The plain Kalman filter assumes $\mathbf{F}$ and $\mathbf{H}$ are linear. Robotics is full
of rotations and projections that aren't. Three extensions matter, and the last one is the
bridge to LiDAR-inertial SLAM:

- **Extended KF (EKF).** The dynamics $f$ and measurement $h$ are nonlinear, so you
  *linearize* them at the current estimate: use the Jacobians
  $\mathbf{F} = \left.\frac{\partial f}{\partial \mathbf{x}}\right|_{\hat{\mathbf{x}}}$ and
  $\mathbf{H} = \left.\frac{\partial h}{\partial \mathbf{x}}\right|_{\hat{\mathbf{x}}}$ in
  place of the matrices, run the same equations. Cheap, and it works when the nonlinearity
  is mild over one step.
- **Iterated EKF (iEKF).** One linearization point can be bad if the prior is far from the
  truth. So *relinearize*: after the update, recompute $\mathbf{H}$ at the new estimate and
  redo the update, iterating until it converges. Each iteration is a Gauss-Newton step on
  the maximum-a-posteriori objective. This is what FAST-LIO uses — it matters because the
  point-to-plane LiDAR residual is very nonlinear in the pose.
- **Error-state / on-manifold KF.** You can't add a vector to a rotation
  $\mathbf{R}\in SO(3)$ and stay on the manifold. So you track the state on the manifold but
  the *error* (and its covariance) in the tangent space, fusing with the $\boxplus/\boxminus$
  operators instead of $+/-$. This keeps rotations valid and the covariance minimal
  (3 numbers for orientation, not 9).

That last combination — an **iterated, error-state Kalman filter on a manifold** — is
exactly the engine inside FAST-LIO2, fusing a high-rate IMU prediction with thousands of raw
LiDAR points per scan. The Kalman gain there gets one more clever rewrite to handle those
thousands of measurements cheaply, which is where I'll pick up next.
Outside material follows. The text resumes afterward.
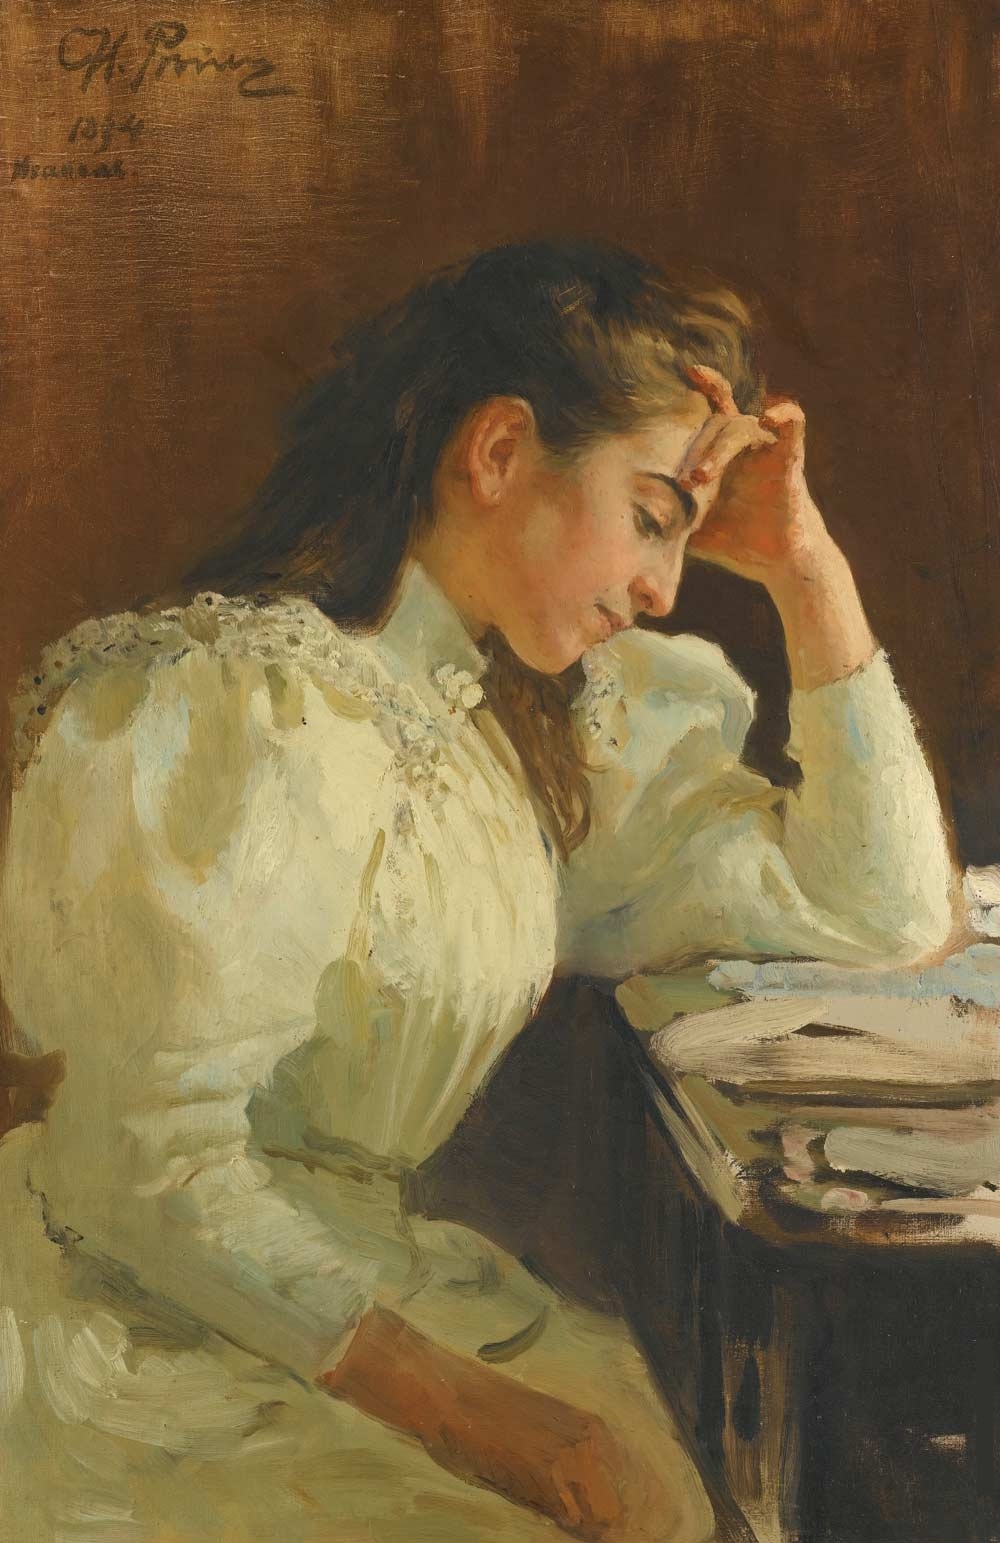 Neapolitan_woman_(1894)_by_Ilya_Repin

## The one-paragraph summary

A Kalman filter holds a Gaussian belief over a state. **Predict** moves the belief through a
motion model and inflates its uncertainty; **update** multiplies it by the measurement's
Gaussian, which sharpens it and pulls the mean toward the data by the gain $\mathbf{K}$ —
optimally weighted by which source is more certain. Linearize for nonlinear systems (EKF),
relinearize for hard ones (iEKF), and track the error in the tangent space for rotations.
That's the whole toolkit, and it runs real robots.